Look below for the lines from the one with "Unisex Organic Sweatshirt" to the one with "Air Jordan 6 White Graffiti Shoes", and copy exactly those lines, both ends included.
+++ Material to process +++
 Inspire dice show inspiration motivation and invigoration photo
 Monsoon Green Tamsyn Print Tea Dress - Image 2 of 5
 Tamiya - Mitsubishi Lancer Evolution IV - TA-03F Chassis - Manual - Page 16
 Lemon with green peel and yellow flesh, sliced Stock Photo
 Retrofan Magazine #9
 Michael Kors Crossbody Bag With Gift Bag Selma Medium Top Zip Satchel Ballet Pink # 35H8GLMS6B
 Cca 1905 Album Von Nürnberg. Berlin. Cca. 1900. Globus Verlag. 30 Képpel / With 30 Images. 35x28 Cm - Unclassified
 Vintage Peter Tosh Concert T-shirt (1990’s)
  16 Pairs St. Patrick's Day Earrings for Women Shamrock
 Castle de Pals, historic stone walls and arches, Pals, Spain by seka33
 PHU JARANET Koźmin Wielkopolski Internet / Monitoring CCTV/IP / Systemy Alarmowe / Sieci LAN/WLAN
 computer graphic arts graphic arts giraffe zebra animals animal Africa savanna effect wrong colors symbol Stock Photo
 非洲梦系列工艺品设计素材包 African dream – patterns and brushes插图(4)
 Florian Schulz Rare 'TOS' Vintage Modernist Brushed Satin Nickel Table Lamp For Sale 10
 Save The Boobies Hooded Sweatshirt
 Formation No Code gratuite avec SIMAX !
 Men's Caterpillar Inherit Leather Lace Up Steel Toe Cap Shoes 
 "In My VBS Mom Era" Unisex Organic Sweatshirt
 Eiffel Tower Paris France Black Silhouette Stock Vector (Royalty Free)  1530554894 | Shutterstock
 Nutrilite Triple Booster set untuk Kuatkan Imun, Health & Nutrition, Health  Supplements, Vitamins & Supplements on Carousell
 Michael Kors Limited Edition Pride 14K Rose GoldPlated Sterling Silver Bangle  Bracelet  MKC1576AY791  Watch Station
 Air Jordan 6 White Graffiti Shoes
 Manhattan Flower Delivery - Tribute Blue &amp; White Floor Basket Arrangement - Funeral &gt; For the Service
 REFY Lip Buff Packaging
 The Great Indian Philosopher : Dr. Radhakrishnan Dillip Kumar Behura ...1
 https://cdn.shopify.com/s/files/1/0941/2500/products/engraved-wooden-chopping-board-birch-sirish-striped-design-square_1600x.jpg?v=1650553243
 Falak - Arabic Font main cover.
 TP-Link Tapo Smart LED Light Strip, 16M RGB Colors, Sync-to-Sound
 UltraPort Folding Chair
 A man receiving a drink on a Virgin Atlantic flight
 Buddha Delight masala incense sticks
+++
- [Reply to the exercise]:
 "In My VBS Mom Era" Unisex Organic Sweatshirt
 Eiffel Tower Paris France Black Silhouette Stock Vector (Royalty Free)  1530554894 | Shutterstock
 Nutrilite Triple Booster set untuk Kuatkan Imun, Health & Nutrition, Health  Supplements, Vitamins & Supplements on Carousell
 Michael Kors Limited Edition Pride 14K Rose GoldPlated Sterling Silver Bangle  Bracelet  MKC1576AY791  Watch Station
 Air Jordan 6 White Graffiti Shoes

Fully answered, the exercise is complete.